AS expected, new car registrations in the UK during May, dropped dramatically, down almost 90%. But as showrooms reopen sales are expected to pick up quickly to meet pent up demand.
Latest figures from the SMMT show that 20,247 cars were registered in the month, as ‘click and collect’ services, allowed from mid-month, saw some movement in the market.
However, with 163,477 fewer registrations than in the same month last year, the performance still marked the lowest May since 1952.
Private buyers accounted for the lion’s share of registrations at 63.7% of the market, equivalent to 12,900 units, while 6,638 cars went to fleets.
There were severe declines across all segments and fuel types, apart from battery electric vehicles, with 429 more units registered year on year in this exceptional month as pre-orders of the latest premium models were delivered to customers.
The overall market is now down 51.4% in the first five months of 2020, at just over half a million registrations compared with more than one million at this point last year.
While car showrooms in England were given the green light to re-open following more than two months of lost trading.

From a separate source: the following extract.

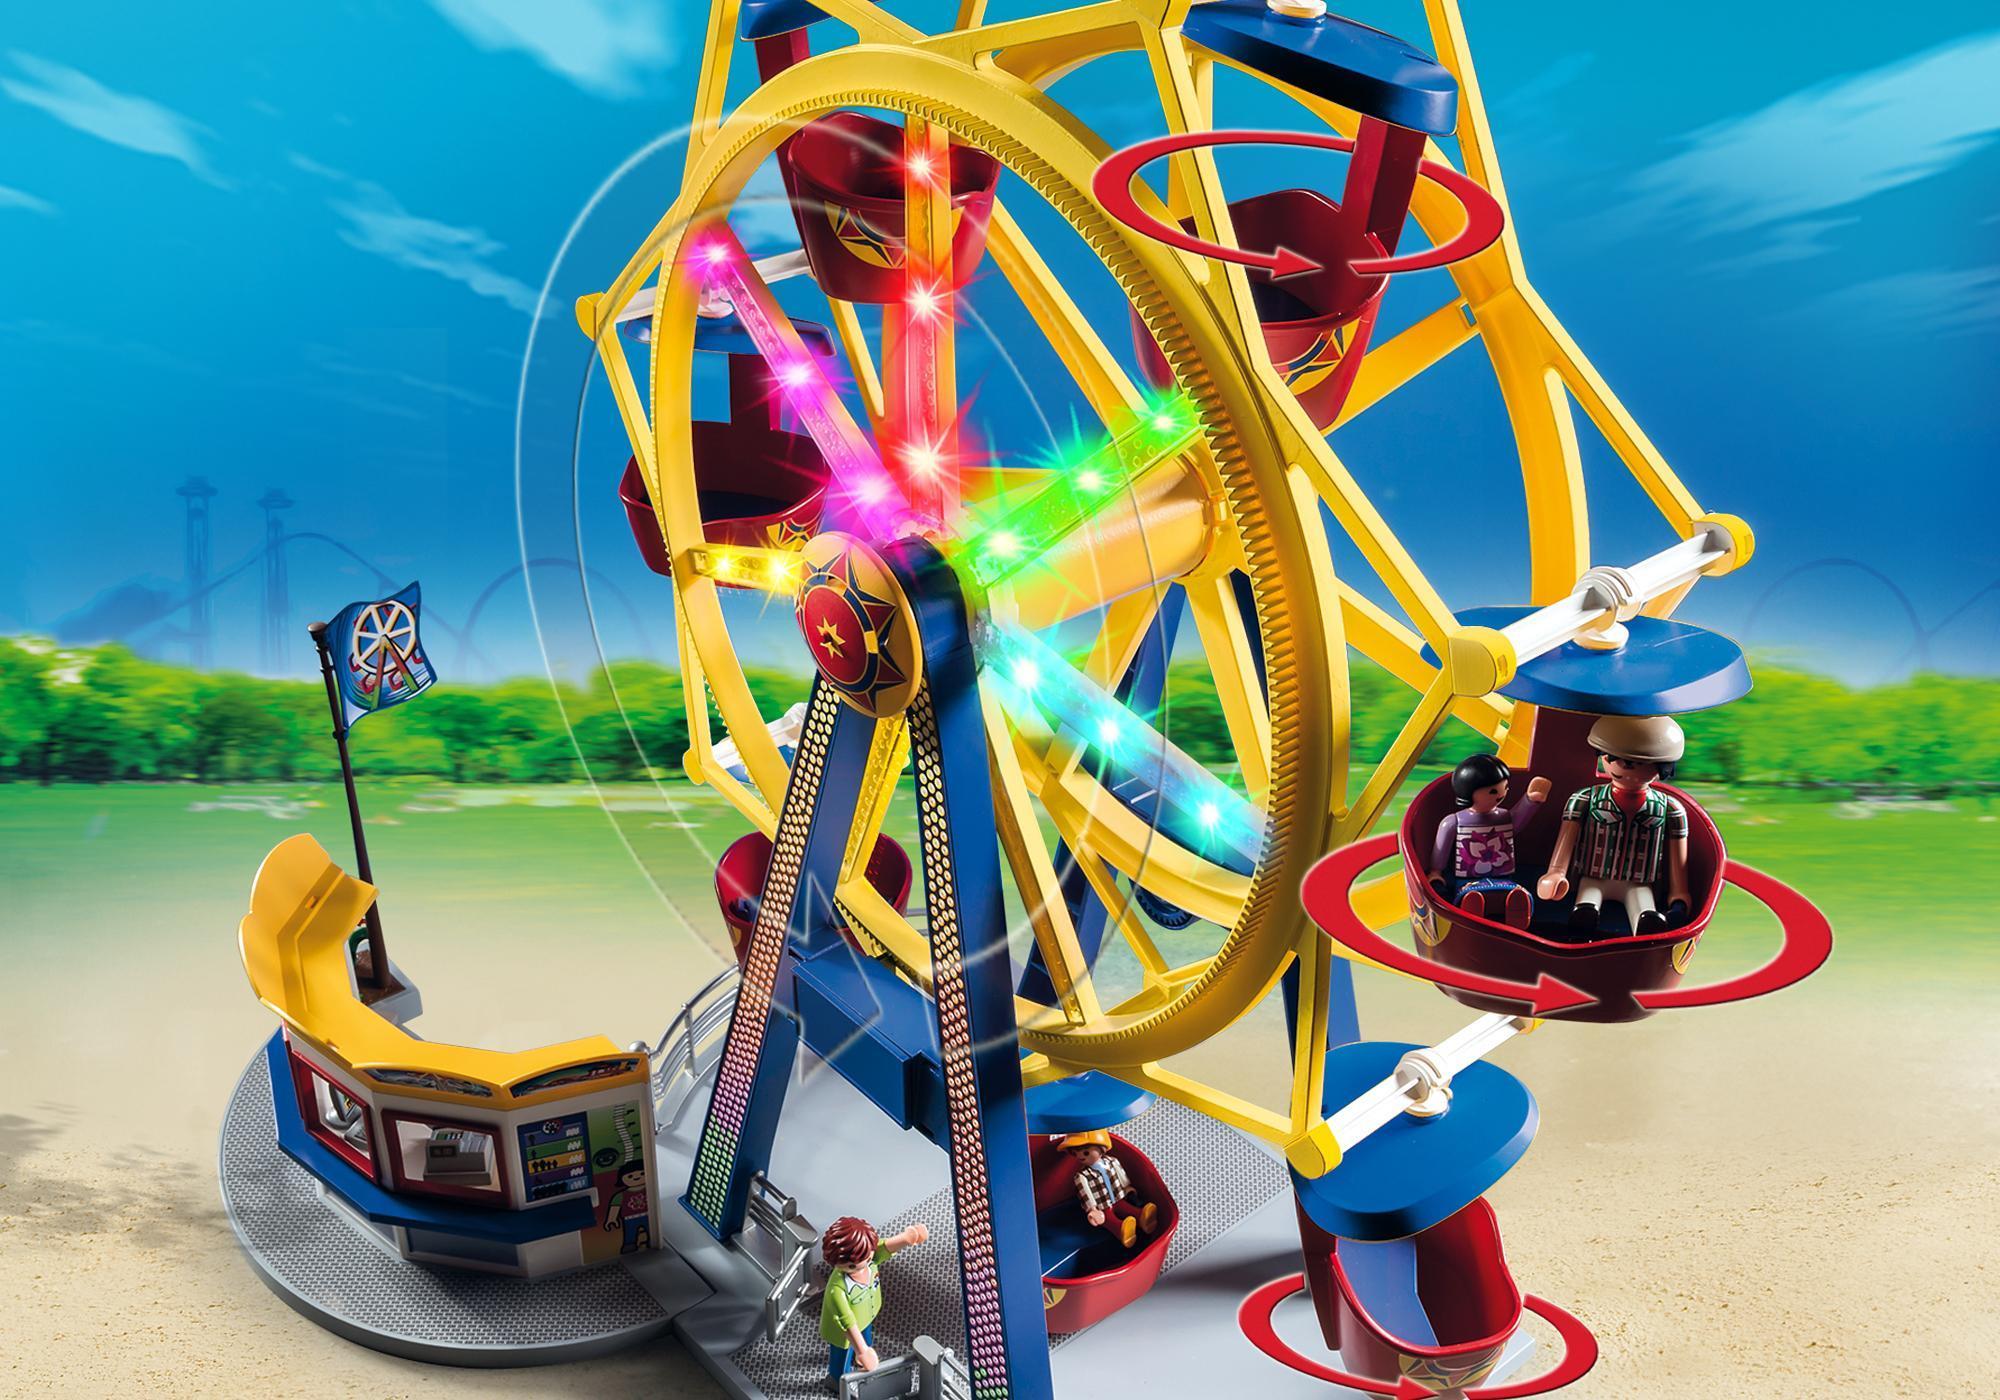 http://media.playmobil.com/i/playmobil/5552_product_extra3/Diabelski młyn z kolorowym oświetleniem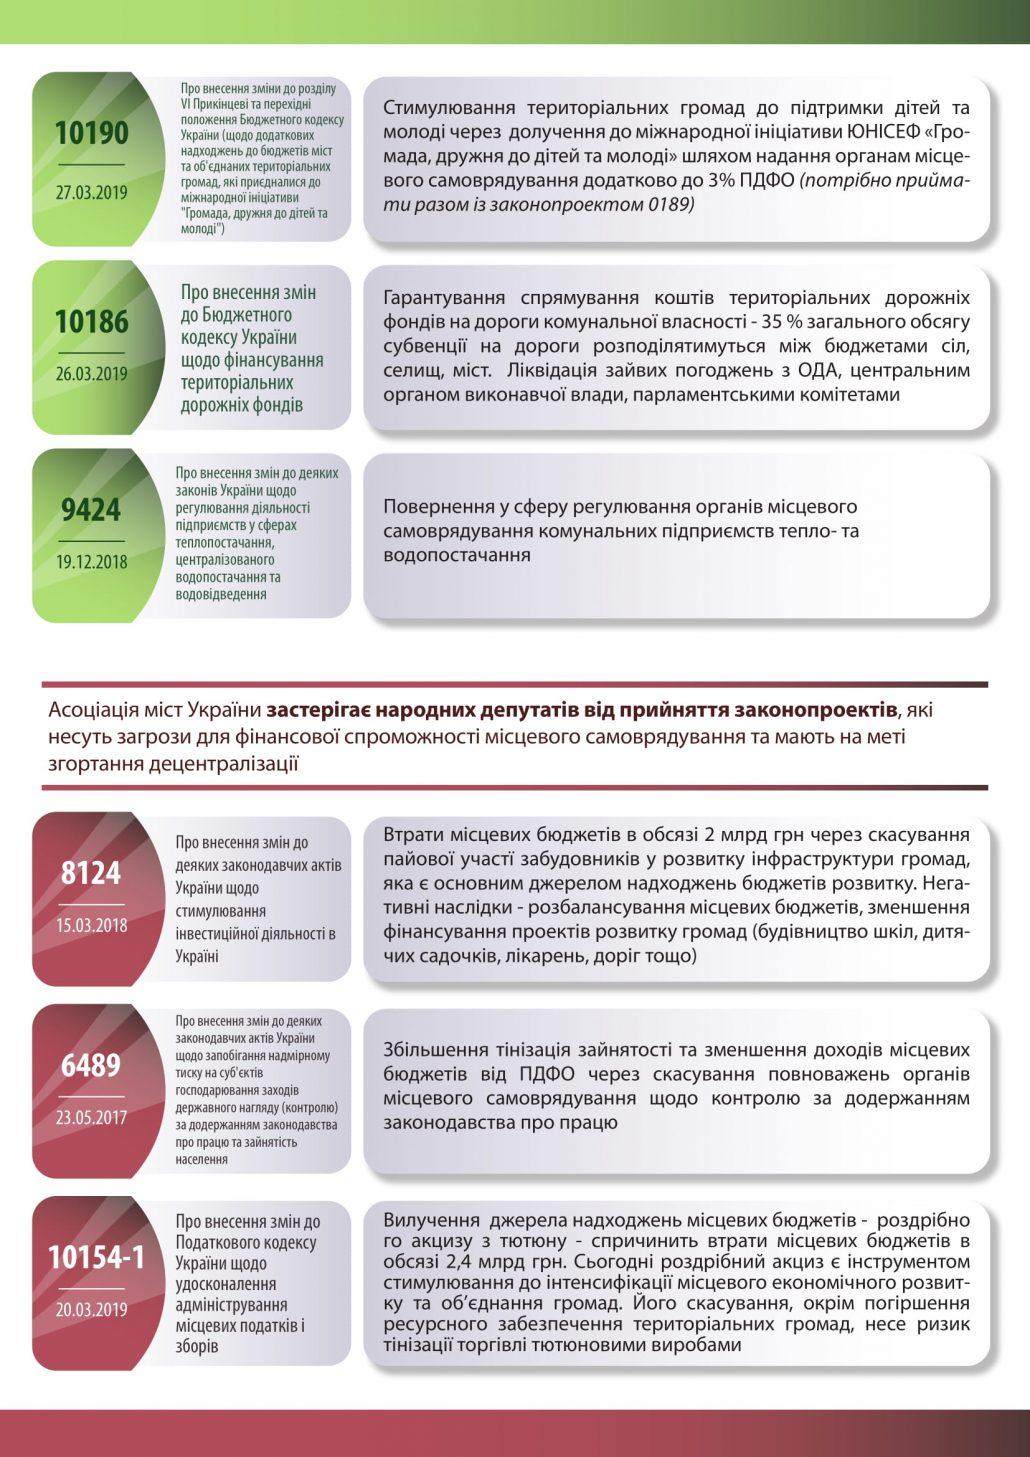 Без Купюр Нардепів від Кіровоградщини закликають підтримати децентралізаційні закони Децентралізація  Кропивницький Кіровоградщина

In Scotland, Wales and Northern Ireland (until next week), however, car showrooms remain closed.
Mike Hawes, SMMT Chief Executive, said: “After a second month of shutdown and the inevitable yet devastating impact on the market, this week’s re-opening of dealerships is a pivotal moment for the entire industry and the thousands of people whose jobs depend on it.
“Customers keen to trade up into the latest, cutting-edge new cars are now able to return to showrooms and early reports suggest there is good business given the circumstances, although it is far too early to tell how demand will pan out over the coming weeks and months.
“Restarting this market is a crucial first step in driving the recovery of Britain’s critical car manufacturers and supply chain, and to supporting the wider economy.
“Ensuring people have the confidence to invest in the latest vehicles will not only help them get on the move safely, but these new models will also help address some of the environmental challenges the UK faces in the long term.”
Sue Robinson, Director of the National Franchised Dealers Association (NFDA), said that franchised retailers are taking robust precautions and have implemented stringent measures to ensure the health of staff and customers which is the top priority.
She added: “There are attractive offers on new and used cars consumers can benefit from over the next weeks and retailers have reported positive figures from the first days back in business.
“As Governments across the EU have stepped in to support the automotive sector, it is important that also the UK Government consider how to best assist the UK automotive industry, which is one of the pillars of the UK economy and employs in total over 800,000 people”.
Andrew Burn, Partner and Head of Automotive at KPMG, said that year-on-year reductions are broadly in line with those seen in Europe at a comparable time during the COVID-19 lockdowns.
He added: “In reality, all eyes should be on June’s results as this data will give us a greater indication of the speed at which the UK’s car market could return to healthier levels.
“As we start to see more data, it will become more evident whether consumer demand has changed, as it is currently too soon to tell.
“What will also be telling is whether consumers see lead times as having greater importance in their buying decisions, or whether COVID-19 has driven a change in consumer behaviour, with more leaning towards less expensive, more economical cars.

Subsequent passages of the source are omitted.